Re: [PATCH 2/5] bpf: Define new BPF_MAP_TYPE_USER_RINGBUF map type

From: David Vernet
Date: Fri Aug 12 2022 - 12:23:36 EST


On Thu, Aug 11, 2022 at 04:29:02PM -0700, Andrii Nakryiko wrote:

[...]

> > - /* Consumer and producer counters are put into separate pages to allow
> > - * mapping consumer page as r/w, but restrict producer page to r/o.
> > - * This protects producer position from being modified by user-space
> > - * application and ruining in-kernel position tracking.
> > + /* Consumer and producer counters are put into separate pages to
> > + * allow each position to be mapped with different permissions.
> > + * This prevents a user-space application from modifying the
> > + * position and ruining in-kernel tracking.
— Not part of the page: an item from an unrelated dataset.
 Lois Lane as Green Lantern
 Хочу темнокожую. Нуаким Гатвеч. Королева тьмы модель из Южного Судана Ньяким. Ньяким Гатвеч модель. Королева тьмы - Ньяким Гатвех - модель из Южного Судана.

The permissions of the
> > + * pages depend on who is producing samples: user-space or the
> > + * kernel.
> > + *
> > + * Kernel-producer
> > + * ---------------
> > + * The producer position and data pages are mapped as r/o in
> > + * userspace. For this approach, bits in the header of samples are
> > + * used to signal to user-space, and to other producers, whether a
> > + * sample is currently being written.
> > + *
> > + * User-space producer
> > + * -------------------
> > + * Only the page containing the consumer position, and whether the
> > + * ringbuffer is currently being consumed via a 'busy' bit, are
> > + * mapped r/o in user-space. Sample headers may not be used to
> > + * communicate any information between kernel consumers, as a
> > + * user-space application could modify its contents at any time.
> > */
> > - unsigned long consumer_pos __aligned(PAGE_SIZE);
> > + struct {
> > + unsigned long consumer_pos;
> > + atomic_t busy;
>
> one more thing, why does busy have to be exposed into user-space
> mapped memory at all? Can't it be just a private variable in
> bpf_ringbuf?

It could be moved elsewhere in the struct. I put it here to avoid
increasing the size of struct bpf_ringbuf unnecessarily, as we had all of
this extra space on the consumer_pos page. Specifically, I was trying to
avoid taxing kernel-producer ringbuffers. If you'd prefer, I can just put
it elsewhere in the struct.